Buddha-nature or Buddha Principle refers to several related terms, most notably tathāgatagarbha and buddhadhātu.[note 2] Tathāgatagarbha means "the womb" or "embryo" (garbha) of the "thus-gone" (tathagata), or "containing a tathagata", while buddhadhātu literally means "Buddha-realm" or "Buddha-substrate". The terms refer to the notion that the luminous mind of the Buddhas is inherently present in every sentient being, and will shine forth when it is cleansed of the defilements, c.q. when the nature of mind is recognised for what it is.
The term tathāgatagarbha may mean "embryonic tathāgata", "womb of the tathāgata", or "containing a tathagata". Various meanings may all be brought into mind when the term tathagatagarbha is being used.
The Sanskrit term tathāgatagarbha is a compound of two terms, tathāgata and garbha:
tathāgata means "the one thus gone", referring to the Buddha. It is composed of "tathā" and "āgata", "thus come", or "tathā" and "gata", "thus gone". The term refers to a Buddha, who has "thus gone" from samsara into nirvana, and "thus come" from nirvana into samsara to work for the salvation of all sentient beings. garbha, "womb", "embryo", "center", "essence".

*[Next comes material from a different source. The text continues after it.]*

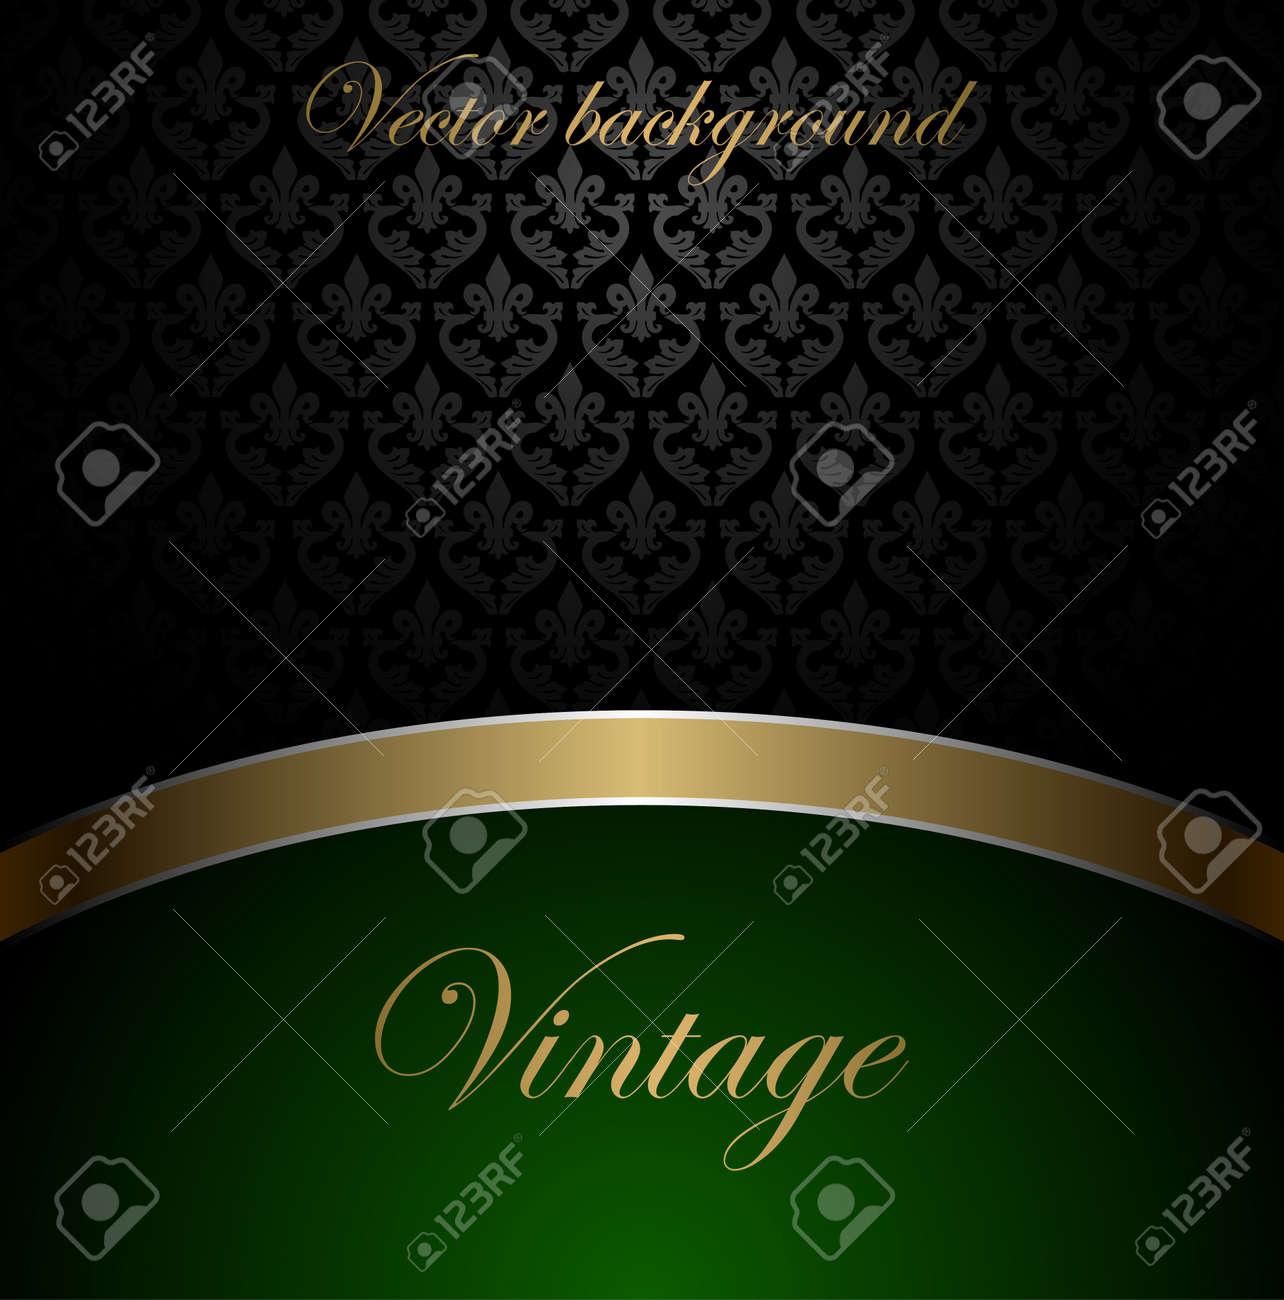 Vintage vector background Stock Vector - 11030597

The term "Buddha-nature" (traditional Chinese: 佛性; ; pinyin: fóxìng, Japanese: busshō) is closely related in meaning to the term tathāgatagarbha, but is not a translation of this term. it refers to that what is essential in the human being.
The corresponding Sanskrit term is buddhadhātu. It has two meanings, namely the nature of the Buddha, equivalent to the term dharmakāya, and the cause of the Buddha The link between the cause and the result is the nature (dhātu) which is common to both, namely the dharmadhātu.
Matsumoto Shirō also points out that "Buddha-nature" translates the Sanskrit-term buddhadhātu, a "place to put something," a "foundation," a "locus." According to Shirō, it does not mean "original nature" or "essence," nor does it mean the "possibility of the attainment of Buddhahood," "the original nature of the Buddha," or "the essence of the Buddha."
In the Vajrayana, the term for Buddha-nature is sugatagarbha.